Mine is a round concrete cover about 18" in diameter. No handles or rings. If I were you, I would get a ring with a gasketed cover and set it flush with the floor. Then patch the concrete up to it. and put the carpet over the lid. Then you won't go through this again. They make them in sizes large enough to access with a screw down gasketed lid. Of course if you are selling, maybe it won't matter, unless the next buyer asks.


----------



## Mike Swearingen (Mar 15, 2005)

Tom,
I've been a rural NC real estate broker for more than 22 years and deal with a lot of residential septic system issues. You may or may not have a bigger issue than a septic tank access cover. It is against all regs to build anything over any part of a septic system. Also, I highly doubt that the former owner applied for and received a proper building permit and inspection for this addition (another major issue).
Both may well become deal-killer issues with a propsective new buyer, their building inspector, lender or even homeowner insurance provider. Unless you want to sell a lawsuit, I highly recommend full disclosure in writing signed by you and your spouse and the buyers prior to any contract or closing, at a minimum. 
If it were me, I would seriously consider going ahead and bypassing this "illegal" tank, putting down a new tank and hooking it up to the house and existing distribution box and drainfield. And I would disclose that, too. Then no one could have any legitimate objections or grounds for any legal action.
Good luck!
Mike


----------



## DUDE! (May 3, 2008)

Mike has already said all the important stuff, been 15yrs sinse the tank's been emptied, not the end of the world but they recomend at least every 5 yrs. Wait till your sewer guy come walking thru your house with his hose. Some how this is not going to end pretty.
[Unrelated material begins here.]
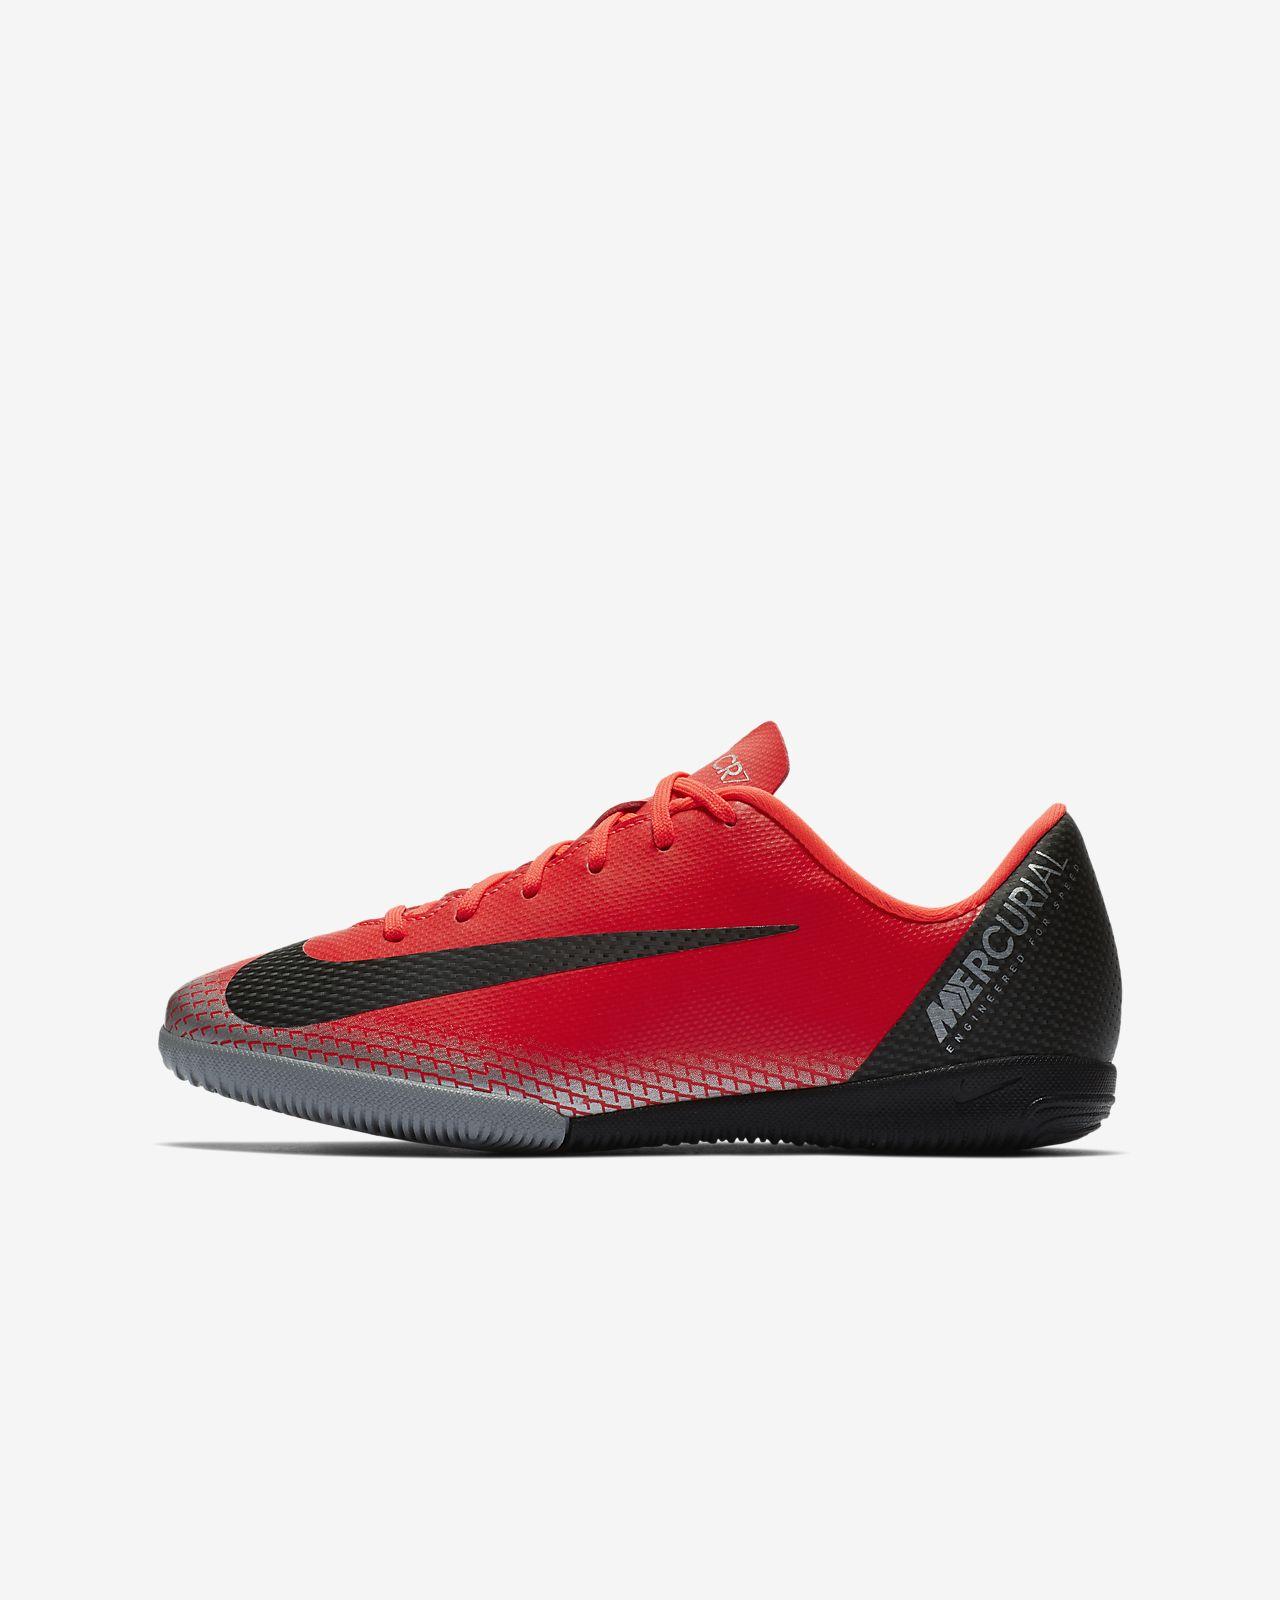 Calzado de fútbol para cancha cubierta para niños talla grande/pequeña Nike Jr. MercurialX Vapor XII Academy CR7

Sorry I didn't offer suggestions to help you with your problem, only to go with what Mike said.


----------



## al's sewer (Apr 7, 2009)

I agree with every thing that Mike said also but there is one thing he did not mention. I don't know what the health dept regulations are in your area for abandoning a septic tank. Here is missouri when you abandon a tank you have to expose the entire tank pump it out entirely, clean it as much as you can and then collapse the old tank and fill it in with either gravel or sand. Bad news I know. as far as answering your question it all depends on what type of tank you have. Most concrete or metal tanks have about a 2 ft portal with about a 6" in portal in the middle of the 2 ft portal so you have the option of using 2 different portals. Fiberglas or plastic tanks have about a 30" portal. Some septics tanks are homemade so it is hard to tell what they have. So bottom line dig it up and see what you got.


----------



## Mike Swearingen (Mar 15, 2005)

Al is absolutely correct as usual. You have to do that to abandon septic tanks here, too. Once you had gotten into the new tank permit-and-inspection business with your Health Department, they would have informed you of all of the other requirements in your jurisdiction. 
You were sold a mess, and unfortunately, you may have to bear the expense of correcting it before you can sell it now. You can check this with an attorney for verification, and also to see if there may be any recourse for you.
Good Luck!
Mike


----------



## DangerMouse (Jul 17, 2008)

if i were tom, before i started working, i'd think about tying a rope to my waist and the other end to the rafters....just in case of 'floor collapse'...lol no way you wanna fall in THAT!

DM


----------